Comment 3 H.J. Lu 2016-04-18 17:01:09 UTC
(In reply to Marc Glisse from comment #2)
> (In reply to H.J. Lu from comment #1)
> > When the patch for PR 70708, I got
> > 
> > 	vmovq	%xmm0, %xmm0
> > 	vsqrtsd	{ru-sae}, %xmm0, %xmm0, %xmm0
> > 	ret
> 
> Note that the goal of both PRs is to get rid of that movq (I agree that movq
> looks like an improvement compared to what we have currently, thanks).

It depends on how the upper bits should be treated.
Comment 4 Jakub Jelinek 2016-04-18 17:18:13 UTC
If the upper bits of the register can contain arbitrary garbage, then keeping it there might result in e.g. floating point exceptions being raised (it could be even a sNAN).  Of course a different thing is if we can prove what is in those upper bits and be sure it doesn't do any harm, or if the operations on it later on are masked.
Comment 5 H.J. Lu 2016-04-19 01:57:16 UTC
There is

(insn 10 9 11 2 (parallel [
            (set (reg:V2DF 92) 
                (vec_merge:V2DF (sqrt:V2DF (reg:V2DF 93))
                    (reg:V2DF 94) 
                    (const_int 1 [0x1])))
            (unspec [
                    (const_int 10 [0xa])
                ] UNSPEC_EMBEDDED_ROUNDING)
        ]) /export/build/gnu/gcc/build-x86_64-linux/gcc/include/avx512fintrin.h:1736 1448 {sse2_vmsqrtv2df2_round}
     (nil))

Is that possible to change it to make sqrt to apply only to the
first 64-bit of input operand?
Comment 6 Marc Glisse 2017-05-23 11:49:25 UTC
(In reply to Jakub Jelinek from comment #4)
> If the upper bits of the register can contain arbitrary garbage, then
> keeping it there might result in e.g. floating point exceptions being raised
> (it could be even a sNAN).  Of course a different thing is if we can prove
> what is in those upper bits and be sure it doesn't do any harm, or if the
> operations on it later on are masked.

For
  double f(double x){return __builtin_sqrt(x);}
we generate
	vsqrtsd	%xmm0, %xmm0, %xmm0
with -O -fno-math-errno.
I don't see what makes the rounded version different from the non-rounded version.
Comment 7 Steven Bosscher 2019-03-04 14:36:28 UTC
"g++ (Compiler-Explorer-Build) 9.0.1 20190303 (experimental)":

#include <x86intrin.h>

double sqrt_up(double x){
  __m128d y = { x, 0 };
  return _mm_cvtsd_f64(_mm_sqrt_round_sd(y, y, _MM_FROUND_TO_POS_INF|_MM_FROUND_NO_EXC));
}

double f(double x)
{
  return __builtin_sqrt(x);
}


sqrt_up(double):
        vmovq   %xmm0, %xmm0
        vsqrtsd {ru-sae}, %xmm0, %xmm0, %xmm0
        ret
f(double):
        vsqrtsd %xmm0, %xmm0, %xmm0
        ret
Comment 8 Marc Glisse 2019-03-05 02:25:39 UTC
(In reply to Steven Bosscher from comment #7)
>   __m128d y = { x, 0 };
>   return _mm_cvtsd_f64(_mm_sqrt_round_sd(y, y,
> _MM_FROUND_TO_POS_INF|_MM_FROUND_NO_EXC));

I don't necessarily advocate for optimizing out an existing explicit mov.

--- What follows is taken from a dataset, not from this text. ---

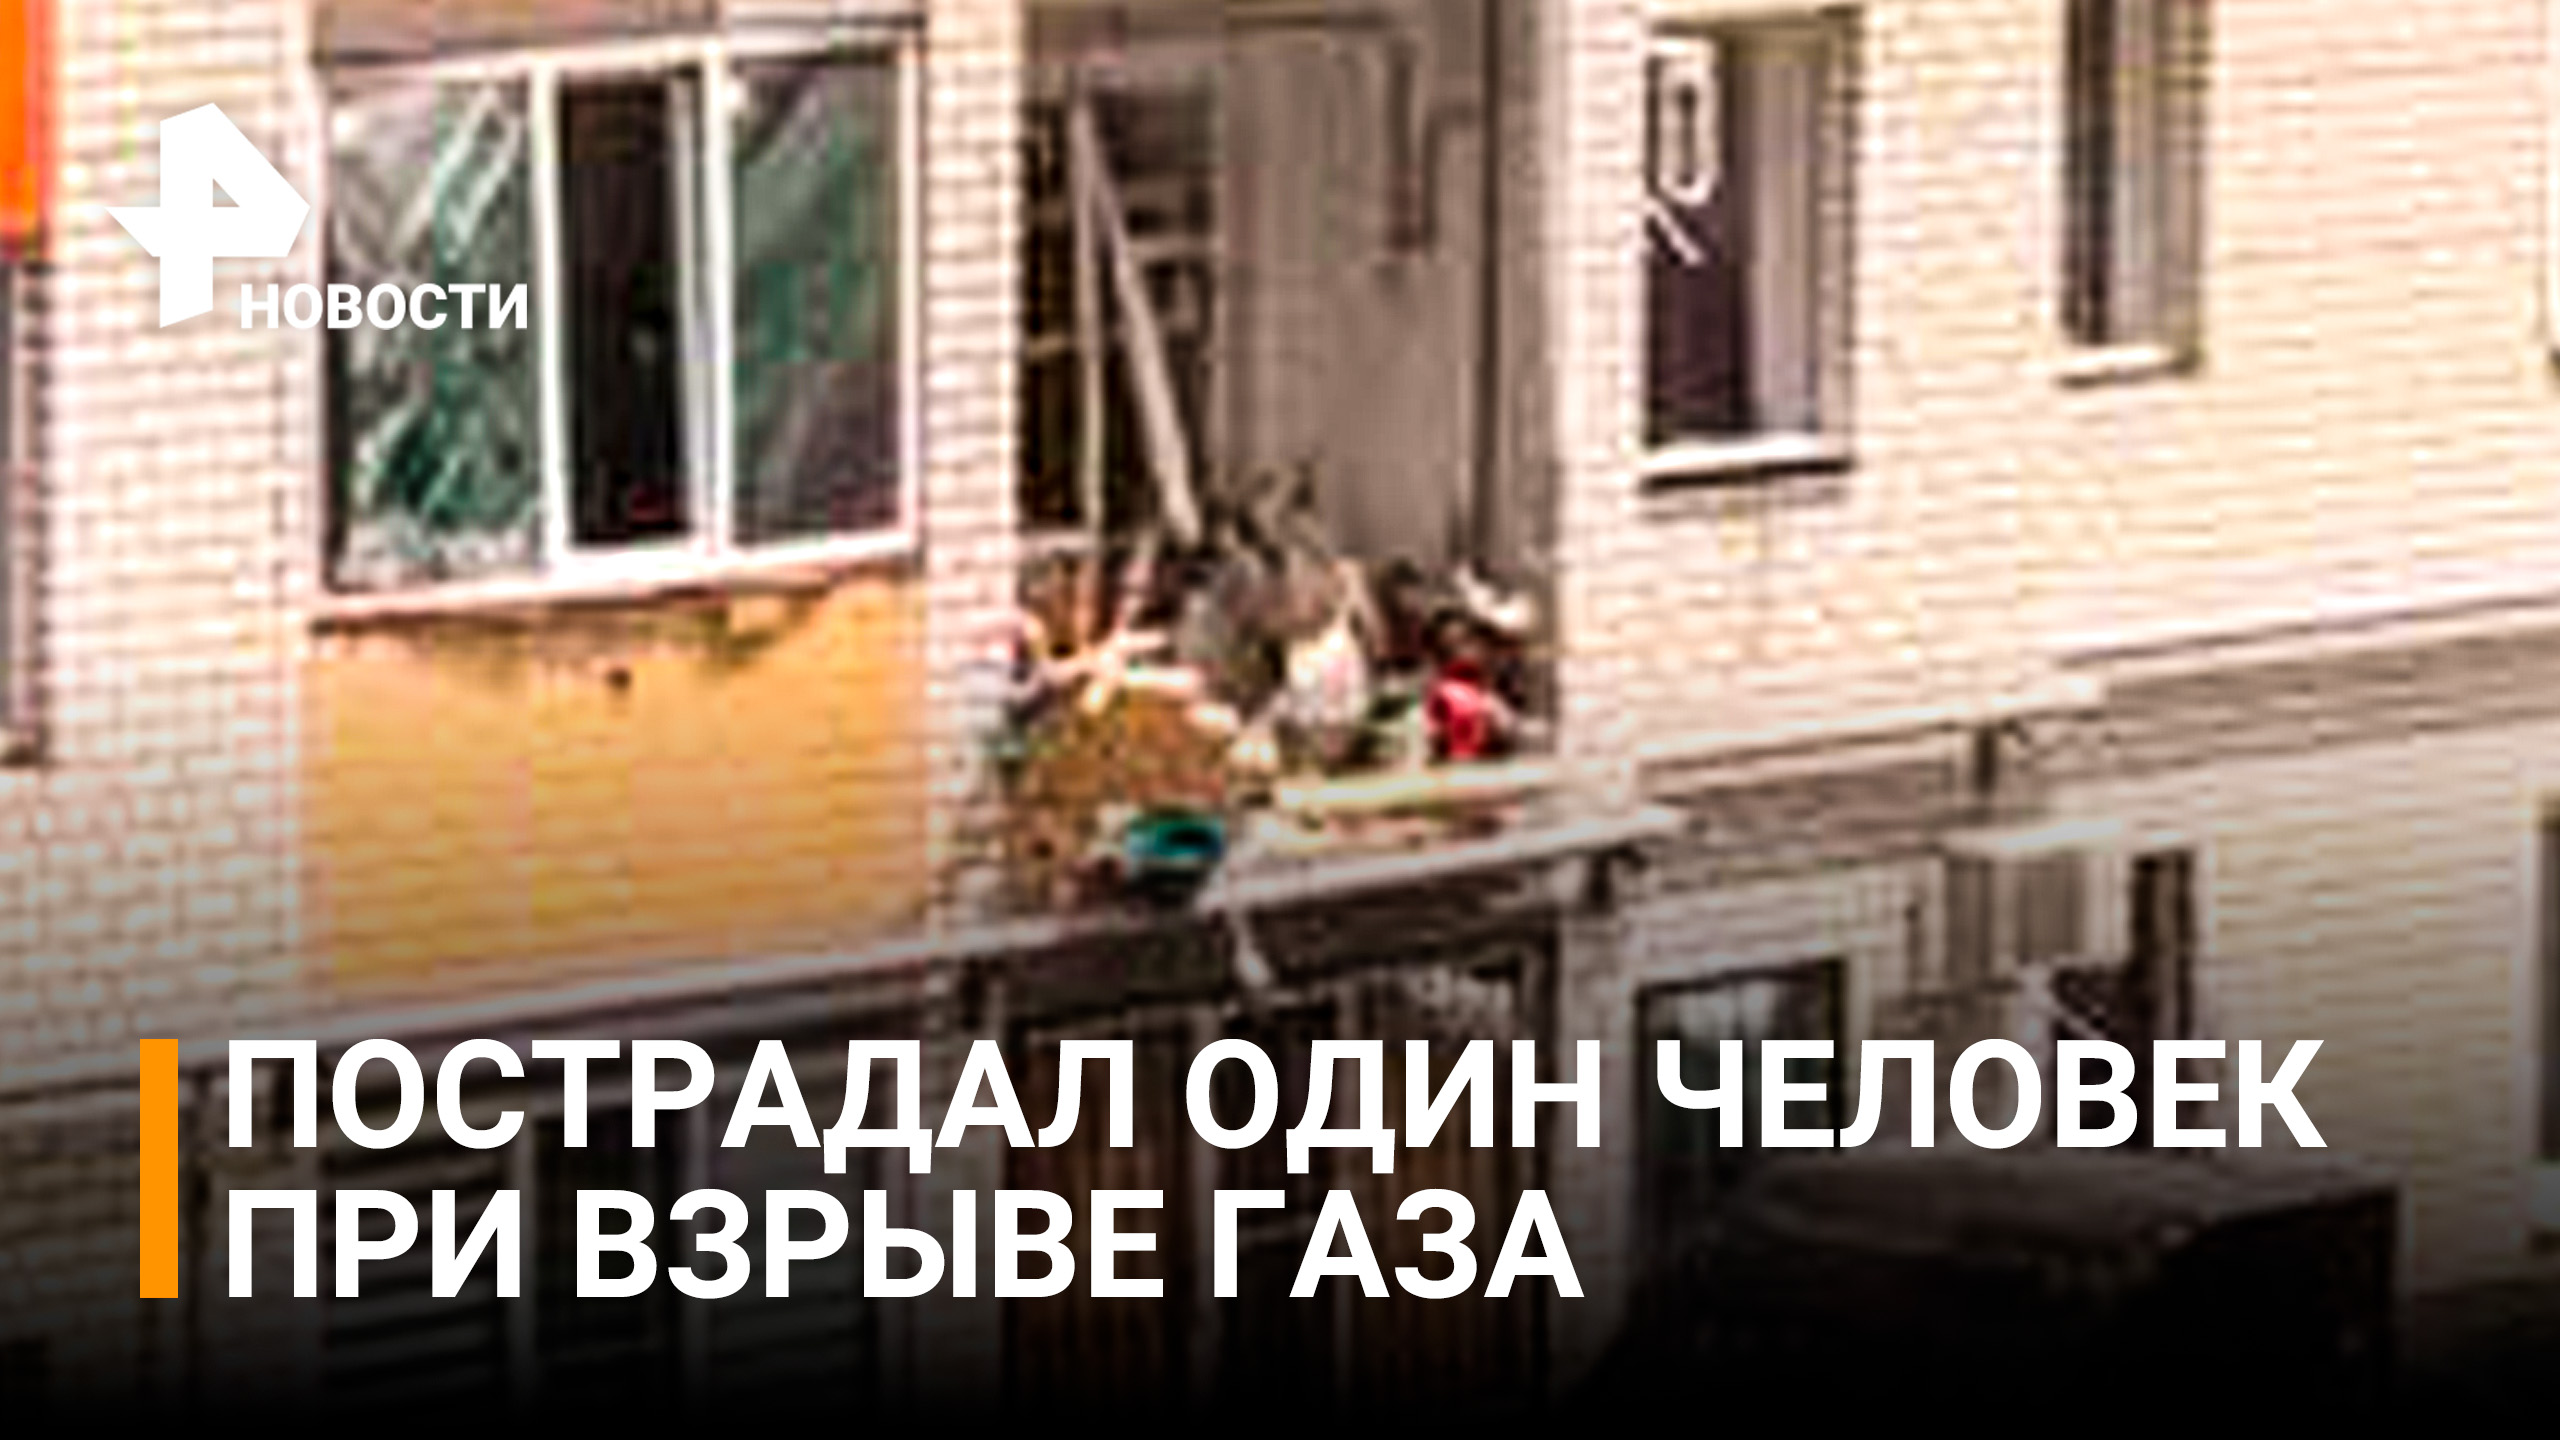 Взрыв газа в жилом доме в Ставрополе / РЕН Новости

Maybe I should, but there could be cases where mov makes the code faster, and I haven't experimented enough. I am only asking for a way to explicitly skip it if I believe I know what I am doing. Of course, if we start optimizing out the mov, it makes my request useless.
Comment 9 Andrew Pinski 2021-09-05 08:13:18 UTC
I thought I saw this bug like this recently too.